Jinju () is a city in South Gyeongsang Province, South Korea. It was the location of the first (1592) and second (1593) Sieges of Jinju by Japanese forces during the Imjin War.  The Republic of Korea Air Force Education and Training Command is located in the eastern part of the city.
There are cultural-historical tourist attractions in Jinju such as , the Jinju National Museum, and the Nam-gang Prehistoric Site Museum.

History
From old times, Jinju was a fountainhead of national culture and spirit. As a city that has held 1,000-year-old historical heritage of the ancient city, Jinju has been well renowned as a home of patriotic spirit, education, culture and art.

Jinju was an ancient city of Goryeonggaya in the Gaya Era. This city was called 'Geoyeolseong' of Baekje during the Three Kingdom Era, and was called 'Geoyeolju', 'Cheongju', and 'Gangju' during the Unified Silla Era. Name of this city was changed into 'Jinju' for the first time in 940, the 23rd year of King Taejo of the Goryeo Dynasty.

It became 'Jinju-mok', one of 12 moks (local administrative units in Goryeo and Joseon Dynasty) in the 2nd year of King Seongjong (983). In the 33rd year of King Gojong of the Joseon Dynasty (1896), administrative district of the nation was reorganized with 13 provinces. At that time Jinju began to belong to Gyeongsangnam-do, and became capital town of Gyeongsangnam-do. And provincial governor started to reside in Jinju. On April 1, 1925, Busan replaced Jinju as provincial capital.
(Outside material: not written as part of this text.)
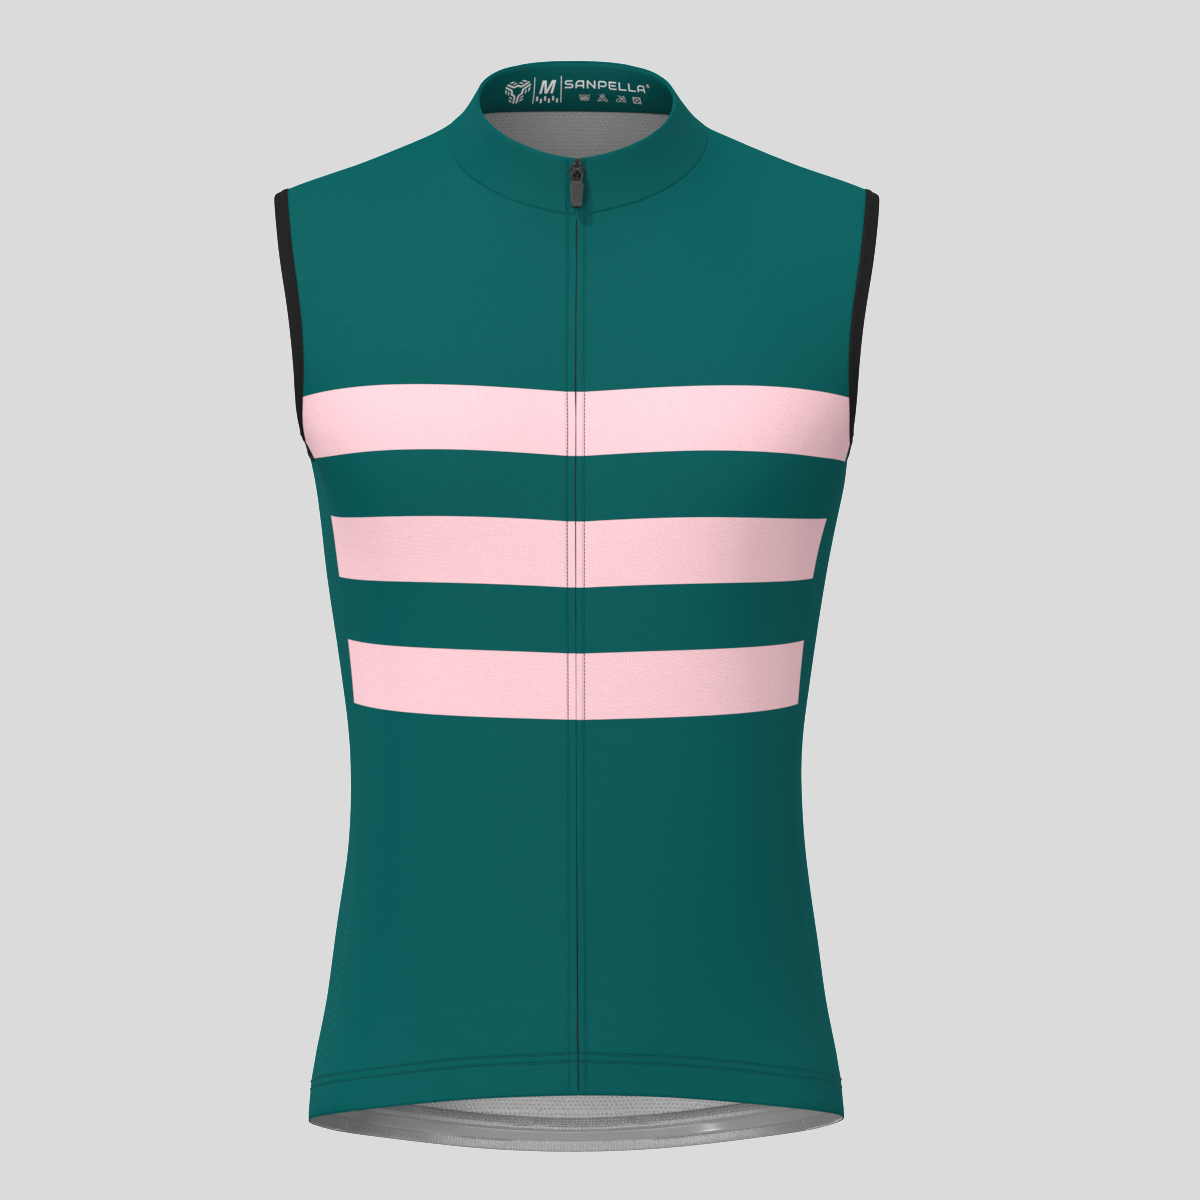 Men's Classic Stripes Sleeveless Cycling Jersey - Midnight/Pink

On August 15, 1949, the government of the Republic of Korea was established and 'the local self-government system' was started. At that time, Jinju-bu was raised to Jinju-si (city) and started to have mayor of the city. On January 1, 1995, in accordance with 'the Law pertaining to the establishment of Urban-Rural Integrated City', Jinju-si and Jinyang-gun became extinct and were merged into one integrated Jinju-si (city).

Culture and festivals
There are cultural events held in Jinju every year. Among these are the Jinju Namgang Lantern Festival which is held in October for approximately ten days. This nationally designated cultural tourism festival, found only in Jinju, features a spectacle of lanterns floating on the Nam River to commemorate the patriotic spirit of the 70,000 militia corps and government troops who died for their country defending Jinju from the Japanese forces during the Imjin War (1592–1598).  Other major festivals include: the Nongae Festival, the Korea Drama Festival, the Gaecheon Arts Festival and the Jinju National Bullfighting Contest.
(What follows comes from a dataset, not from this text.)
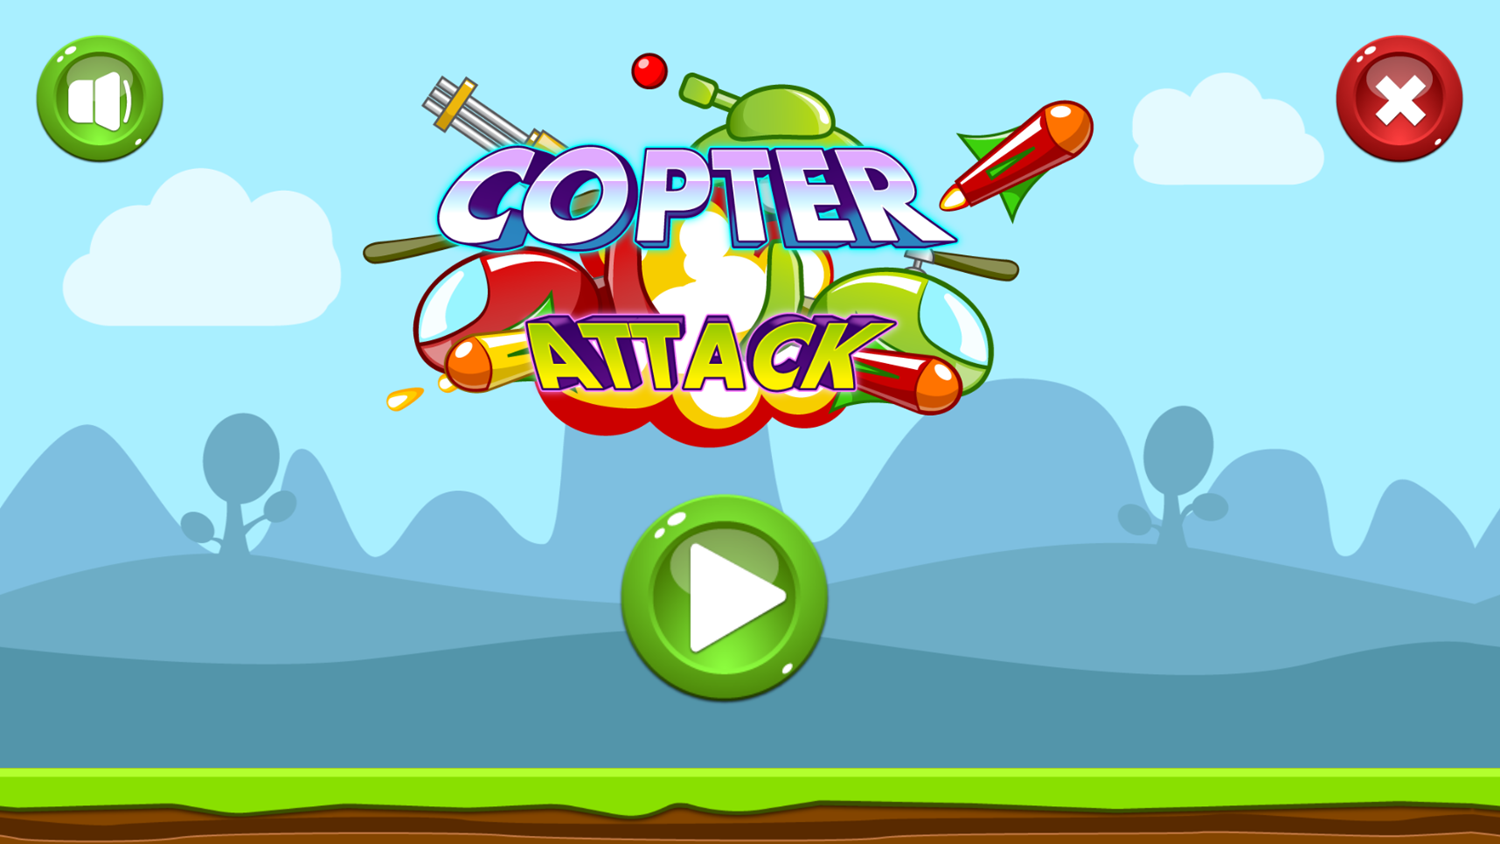 Copter Attack Game Welcome Screen Screenshot.

The Nongae Festival, held in May each year commemorates and celebrates the sacrifice of the patriotic gisaeng (professional Korean entertainer) Nongae's suicide-assassination of a Japanese general together with the 70,000 Koreans who lost their lives in the battle of Jinju Castle during the Imjin War.  The festival features an emotional reenactment of Nongae's suicidal drowning of a Japanese general from uiam bawi (righteous rock) below Chokseongnu (Jinju castle pavilion) on the banks of the Nam River.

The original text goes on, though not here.